To help you understand the responsibilities your business has under the regulations, this post highlights some of the responsibilities businesses have under the Anti-Money Laundering Regulations.
Customer due diligence means checking your customers are who they say they are. Your business will need to obtain the following as part of the customer due diligence checks:
- The customer’s name
- The customer’s photograph on an official identity document
- Their residential address
- Their date of birth
Typically, documents can include but are not limited to a passport, utility bill, bank statement and driving licence. It is also possible to use the electoral register and credit reference agencies to confirm the information you are given.
If the customer you are dealing with is acting on behalf of another person, you need to identify the beneficial owner. For example, if your customer is a limited company, the beneficial owner is any person of significant control within the company.
When carrying out customer due diligence checks, if you have doubts about the customer’s identity, or who the beneficial owner is, you must stop dealing with them until you are satisfied.
After carrying out the customer due diligence checks, you must ensure the information about the customer is kept up-to-date.

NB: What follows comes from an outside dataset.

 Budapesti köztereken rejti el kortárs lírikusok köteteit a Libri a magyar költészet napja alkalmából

If your customer’s details have changed, you will need to:
- Amend your risk assessment if their circumstances change
- Carry out further due diligence if needed
Before implementing internal controls, your business must first understand the risks it’s facing. To start, consider the following:
- Who your clients are
- The types of products and services they offer
- The jurisdictions they operate in
- Their delivery channels
- Their transactions
For example, it’s easier for fraudulent activity to occur if the business operates remotely; it’s easier to pass off fake documents during onboarding. However, if a business is carrying out face-to-face checks, it’s easier to verify that the documents are genuine and that photos accurately represent the person.

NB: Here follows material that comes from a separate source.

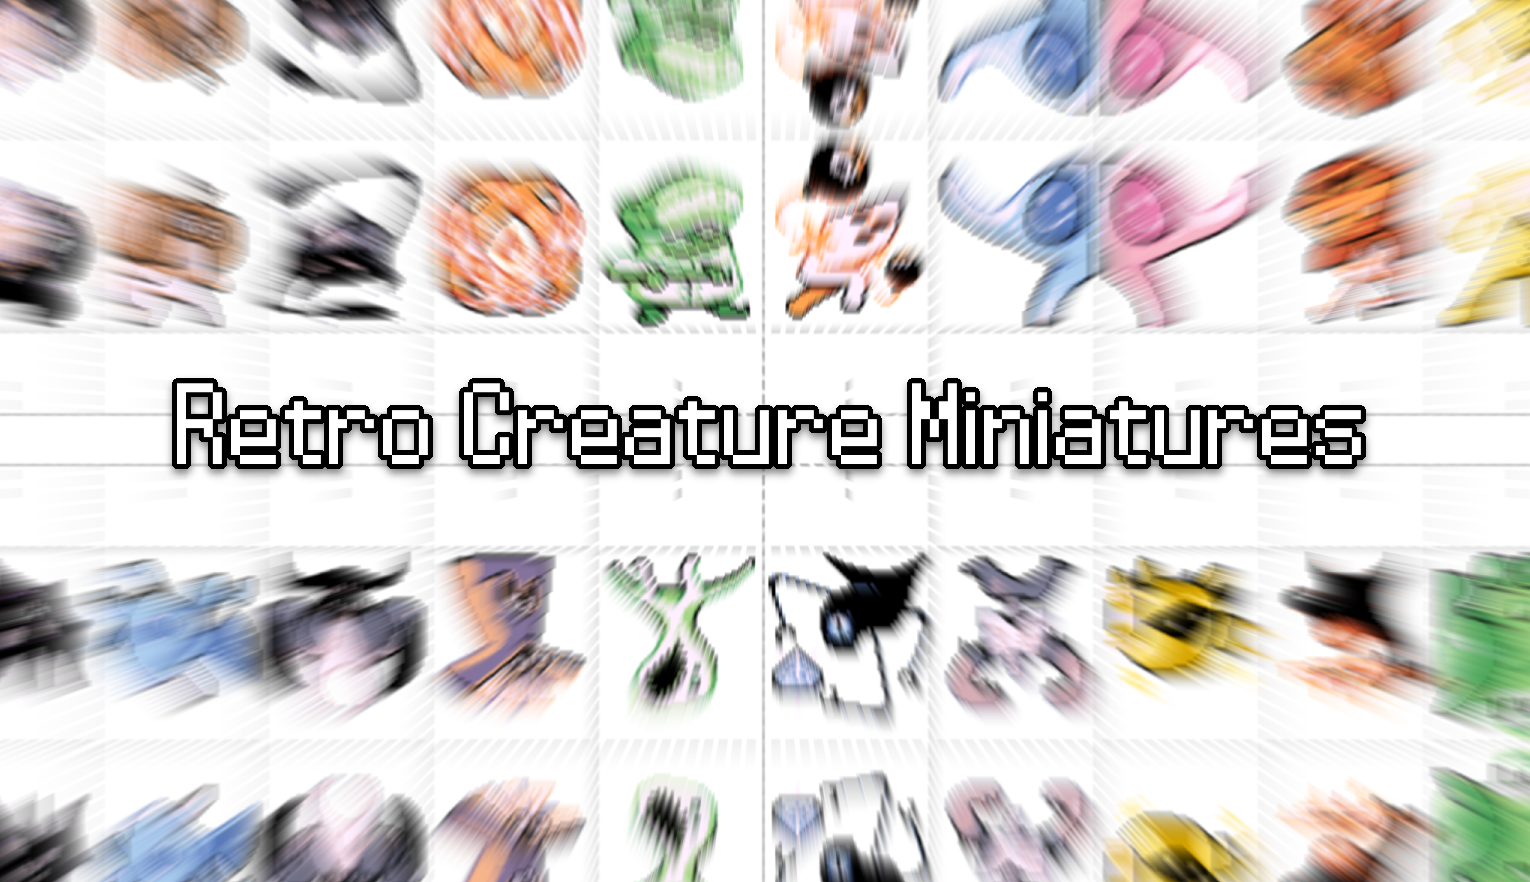 Retro Creature Miniatures

Once you’ve identified the risks, you need to:
- Build appropriate systems and controls to mitigate the risks
- Determine customer due diligence measures on a risk-sensitive basis
- Take into account situations and products which can present a higher risk of money laundering
Your business needs to have internal controls in place to protect itself from potential threats. The controls need to include a method of identifying a potential threat and the steps that need to be taken to prevent the threat from happening. Typically, the controls should include the following:
- Appointing a nominated officer and making sure employees know to report suspicious activity to them
- Designating a compliance officer if the business is large or complex
- Provide senior managers with regular information on money laundering risks
- Training employees on their money laundering responsibilities
- Document and update money laundering procedures
- Make sure money laundering is taken into account in the day-to-day running of the business
Anti-money laundering responsibilities can be complex and vary depending on the business. However, there are standard practices and procedures that can be adopted and implemented in any business that has to abide by the regulations. Some businesses may need to implement more comprehensive checks than those outlined above. So, it’s always best to check with governing bodies and organisations to ensure your business completes all the checks it should.